Составы композиции доставляют человеку любыми фармацевтически подходящими средствами введения. Различные системы доставки известны и могут использоваться для введения композиции любым общепринятым путем. Предпочтительно, композиции по настоящему изобретению вводятся системно. Для системного применения варианты связанного с альбумином фактора VII/VIIa по настоящему изобретению составлены для парентеральной (например, внутривенной, подкожной, внутримышечной, интраперитонеальной, внутрицеребральной, внутрилегочной, внутриносовый или трансдермальной) или для энтеральной (например, оральной, вагинальной или ректальной) доставки в соответствии с общепринятыми методами. Наиболее предпочтительным путем является внутривенное введение. Составы могут вводиться непрерывно путем вливания или путем болюсной инъекции. Некоторые составы охватывают системы медленного высвобождения.

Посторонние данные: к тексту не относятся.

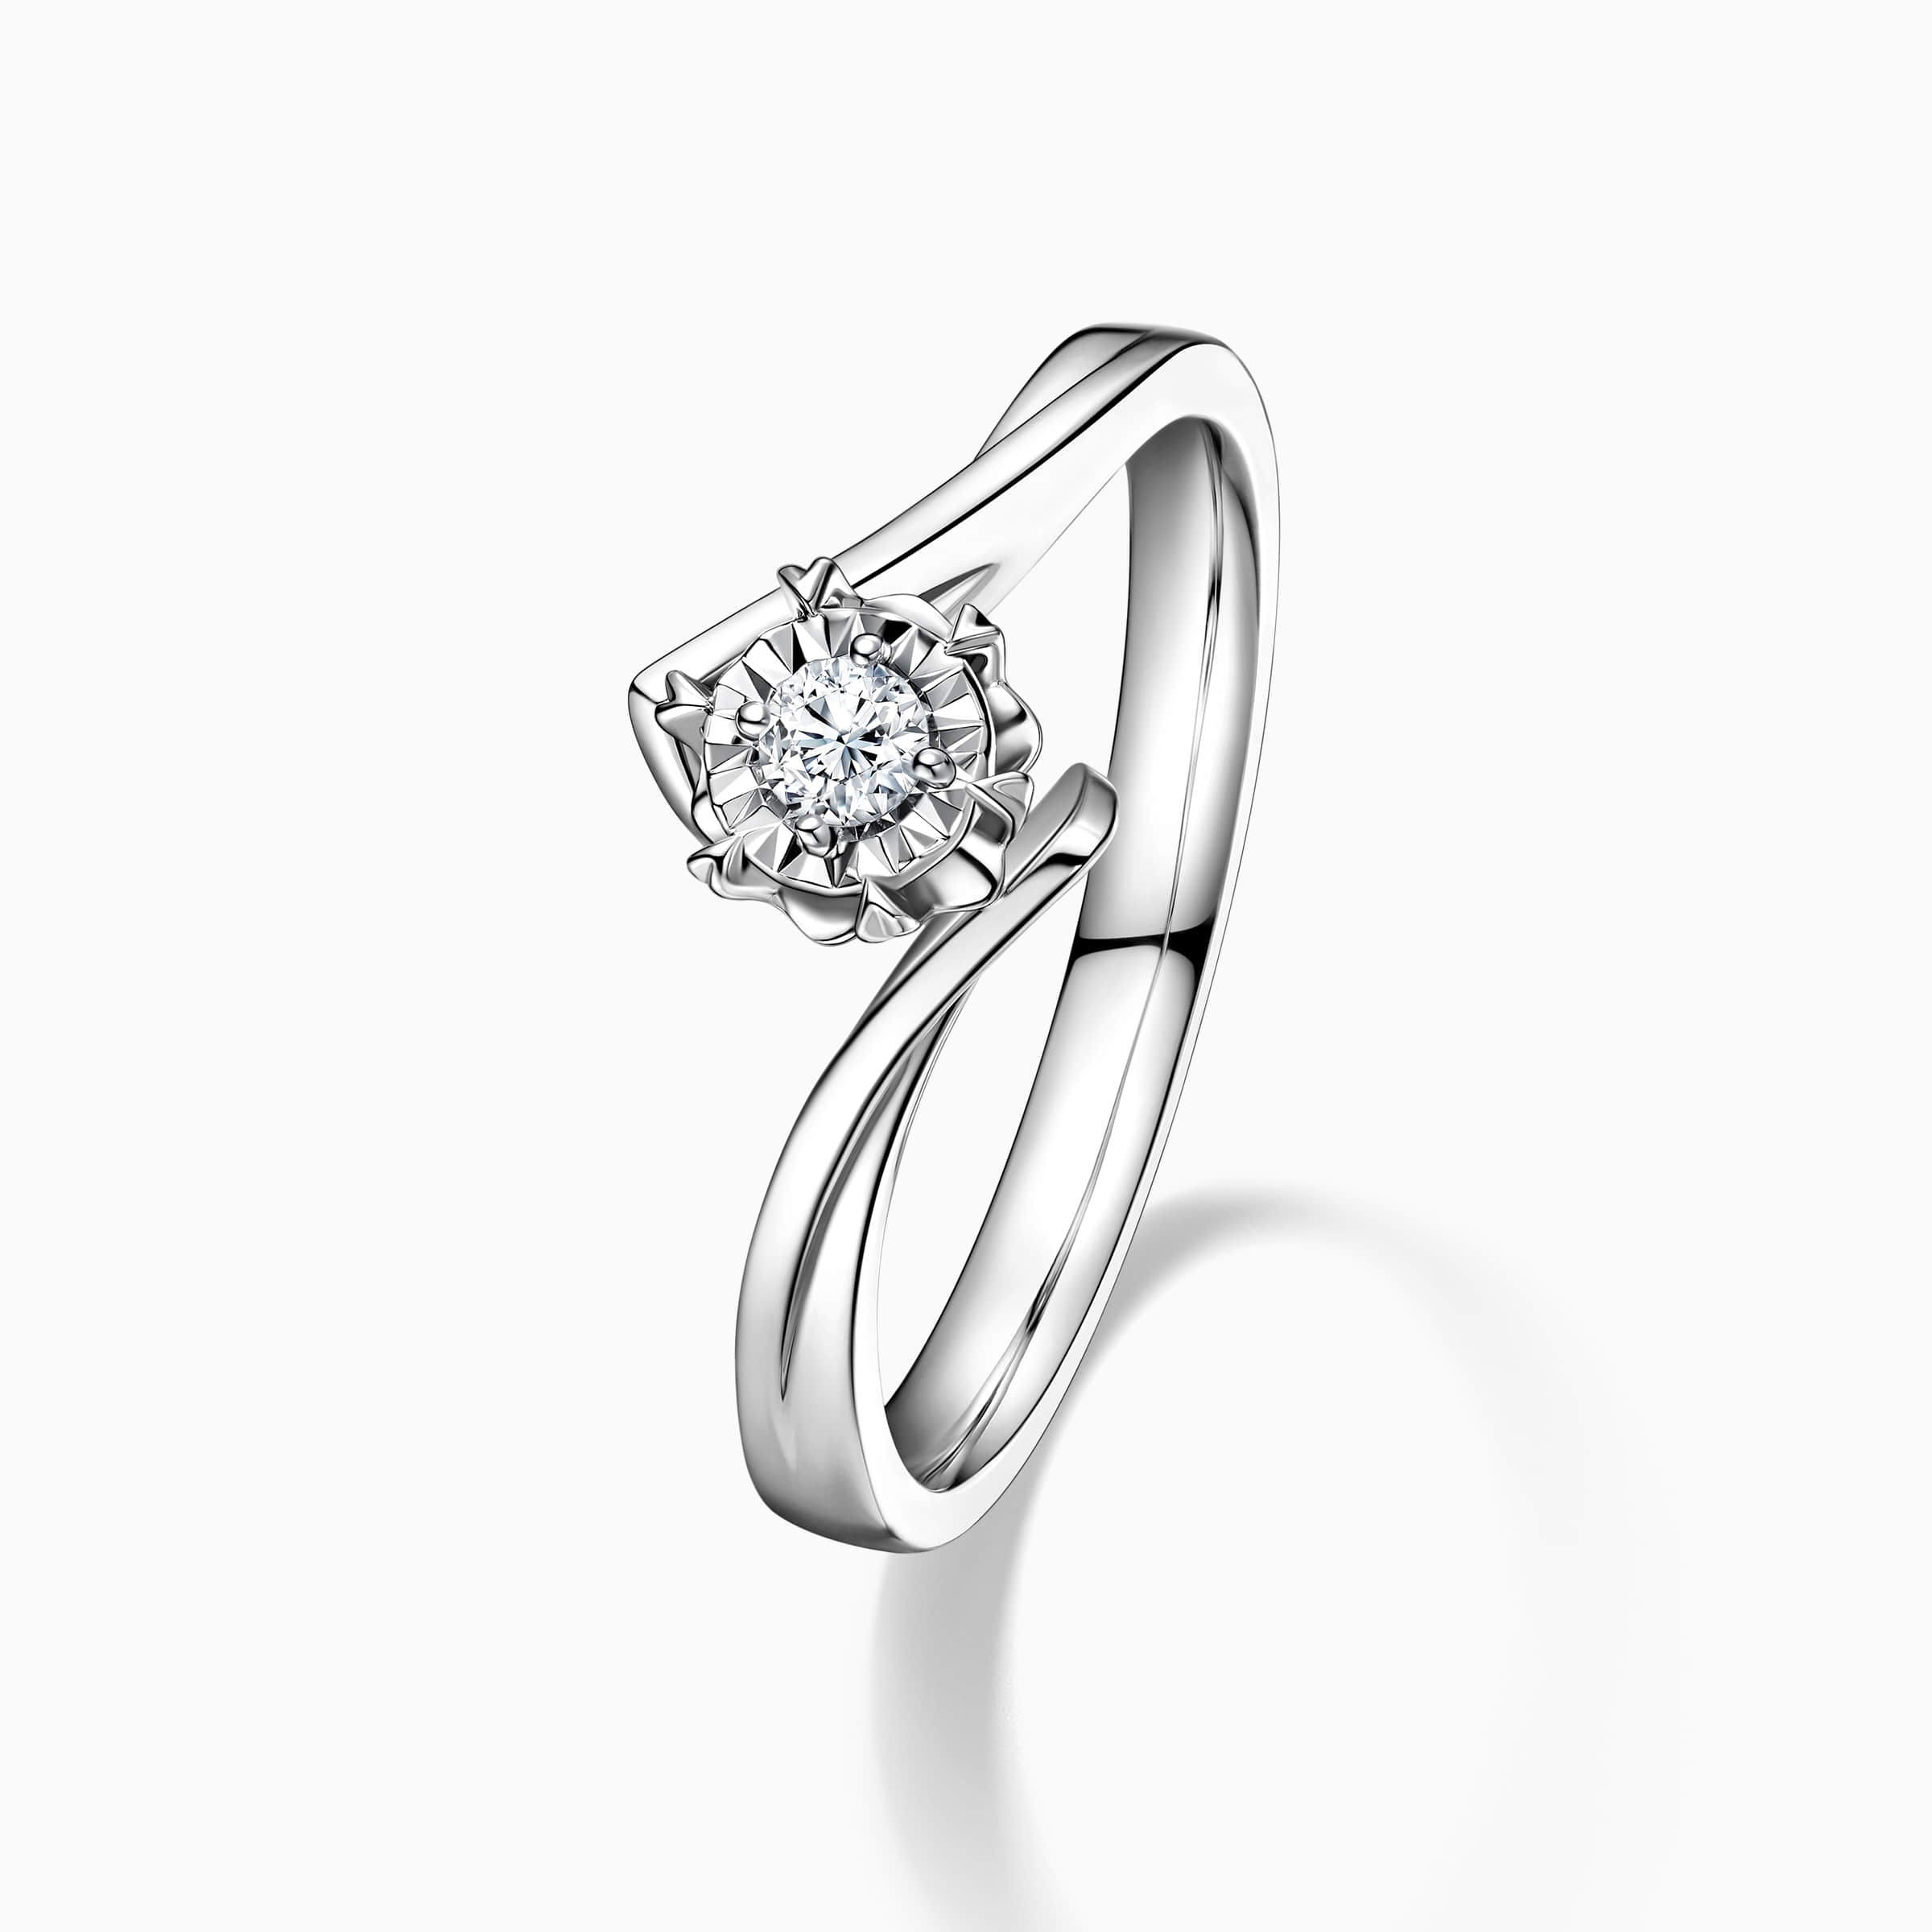 Darry Ring flower diamond promise ring side view

Модифицированные биологически активные полипептиды слитого с альбумином фактора VII/VIIa по настоящему изобретению вводятся пациентам в терапевтически эффективной дозе, что означает дозу, которая достаточна, чтобы оказать желаемые эффекты, что приводит к предотвращению или ослаблению тяжести или распространения состояния или показания, в отношении которых осуществляется лечение, без достижения дозы, которая вызывает невыносимые неблагоприятные побочные эффекты. Точная доза зависит от многих факторов, таких как, например, показание, состав и способ введения, и она должна определяться в преклинических и клинических испытаниях для каждого соответствующего показания.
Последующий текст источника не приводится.